They had soon fallen into a deep and most delightful sleep. How long they lay on their leafy bed, wrapt in their refreshing slumber, they knew not.
It certainly was for many a long hour; for when they awoke, hunger was gnawing at their stomachs. Fain would they have at once proceeded to gather fruit, had not their ears been suddenly saluted with most extraordinary noises. They rubbed their eyes and looked about and at each other, deeming themselves the sport of some merry jack-a-dreamer.
But, no; they were wide awake and in full possession of their senses. Again the strange sounds are heard and this time they are nearer and clearer.
There is a rise and a fall, a swelling out and then a dying away.
The sounds are jerky and snappy like and there is a singular music in them.
Nearer and still nearer they come.
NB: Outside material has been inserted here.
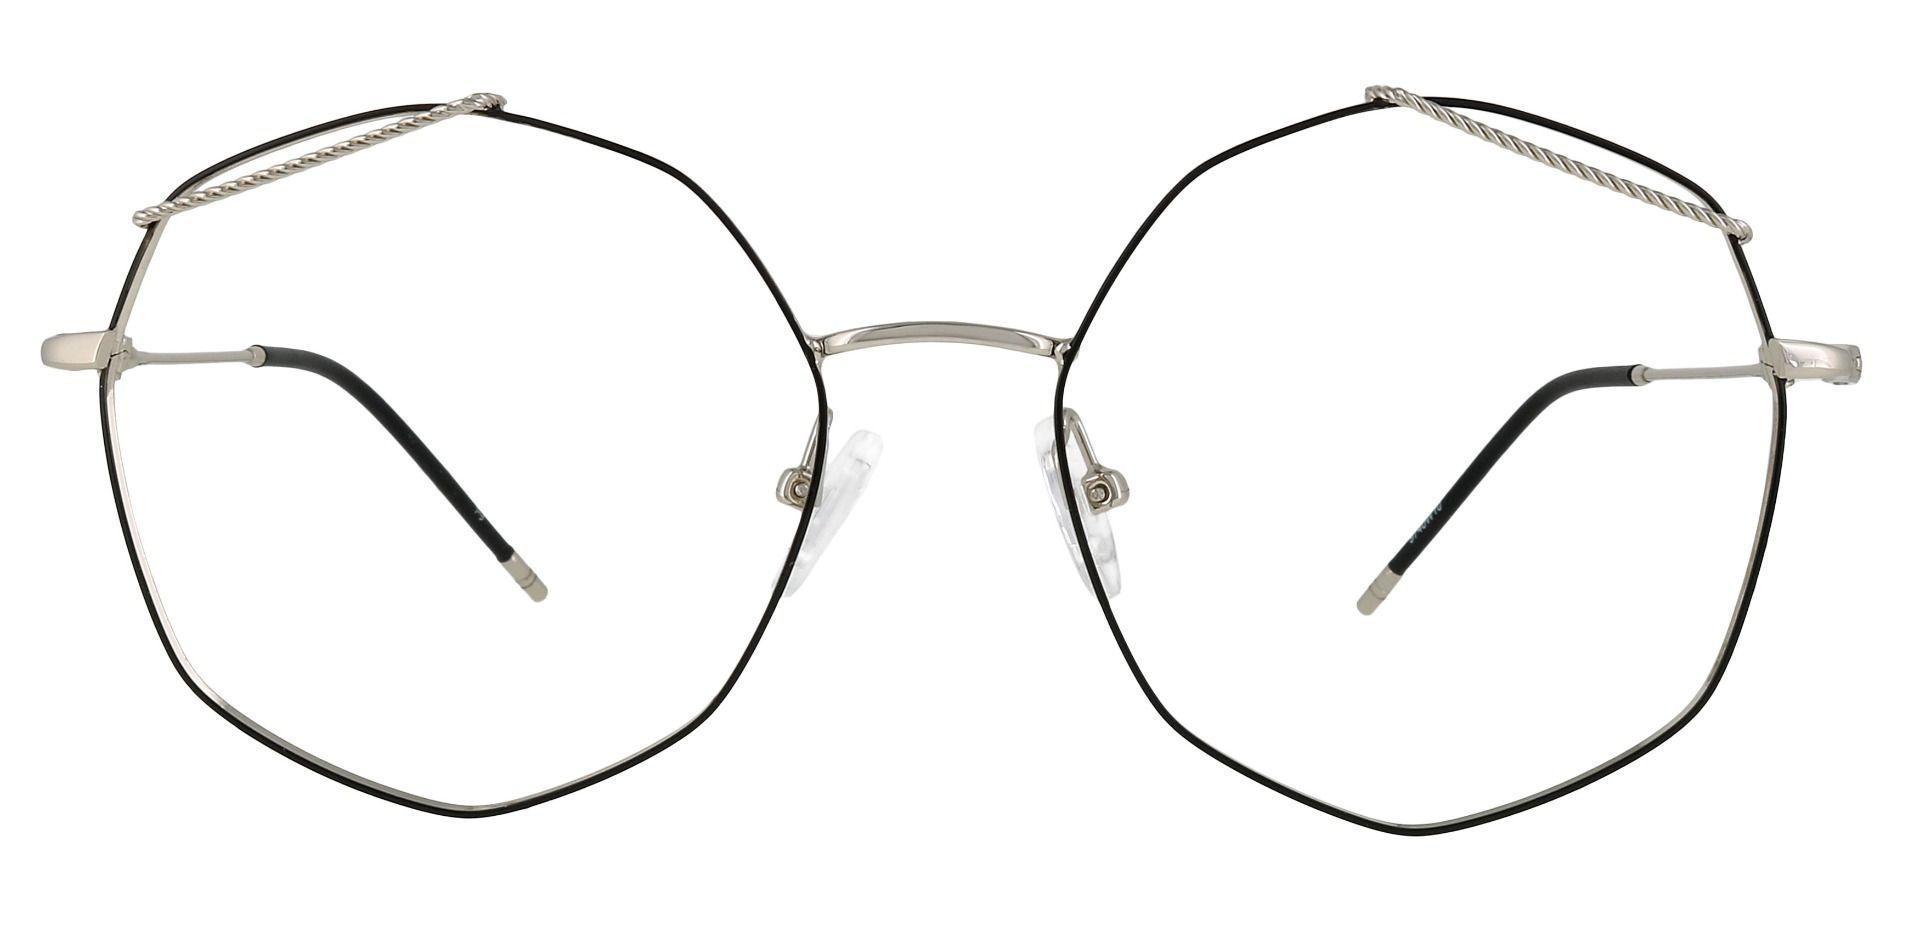 Tango Geometric Non-Rx Glasses - Black
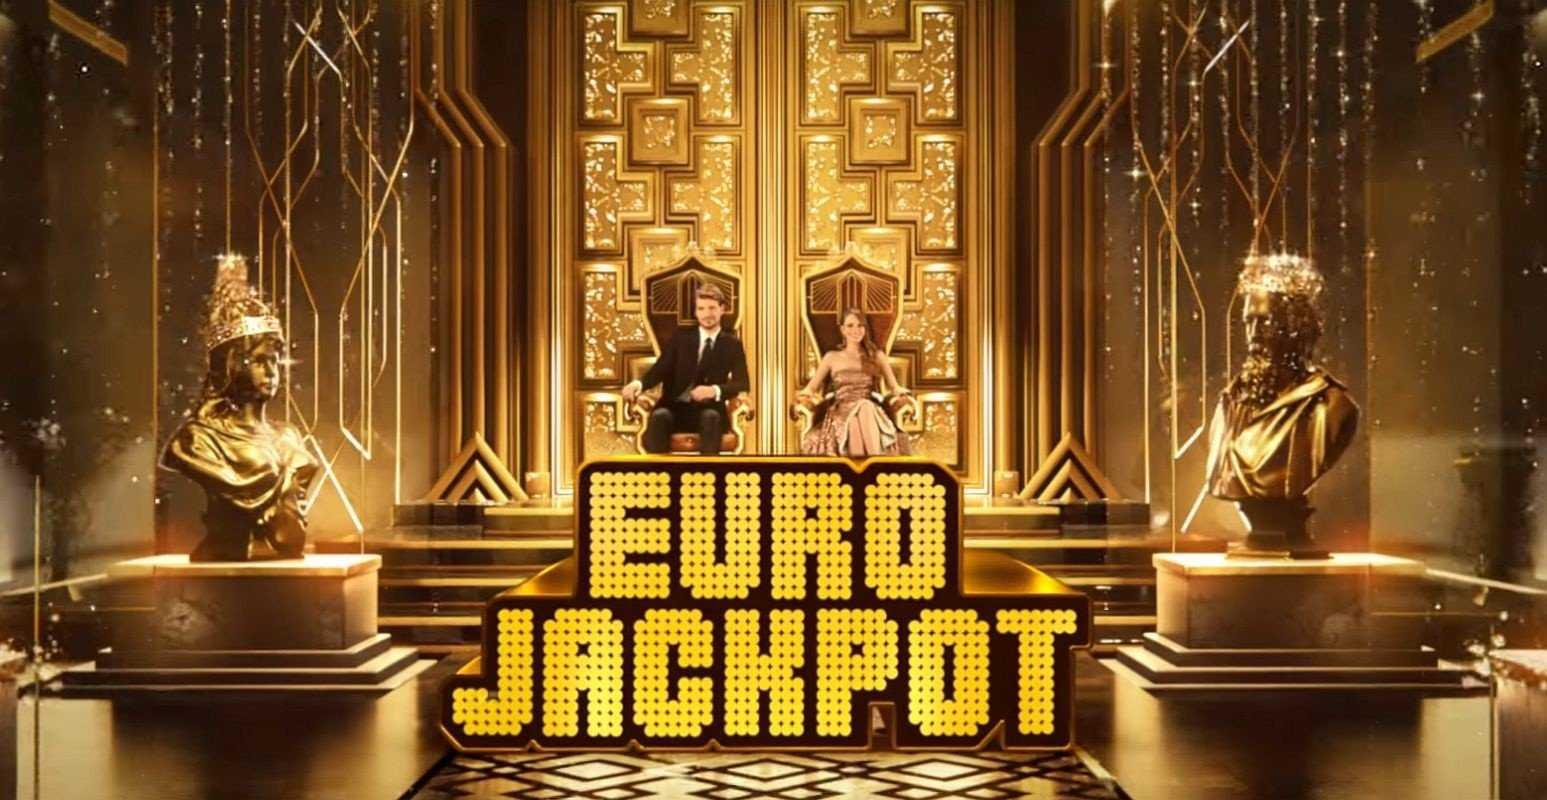 Gioca a Eurojackpot online oggi - eurojackpot online

Louder and still louder they grow. “Wild beasts?” whispered my mother half inquiringly.
“Nay!” falls from my father’s lips. “Not unless human beings may be so wild as to merit the name of beasts.”
“Hark again!” murmured my mother.
There was no mistaking the sounds any longer, for, like a chorus of many voices, shrill and piping, deep and grumbling, soft and musical, harsh and guttural, yet all in a sort of rude and wild harmony, mingling in one mighty strain, now low and scarcely audible and now breaking out with a fierce and seemingly threatening vigor, the singers, chanters, howlers or what they might be, rushed into the valley below us in a wild and yet half regulated disorder.
They were human beings in savage garb, with painted faces and clubs swung lightly across their shoulders. Whether pausing or advancing they still kept up their wild and mysterious chant, choppy, jerky and snappy for all the world like a thousand people who had just drawn plentifully from a thousand snuff boxes.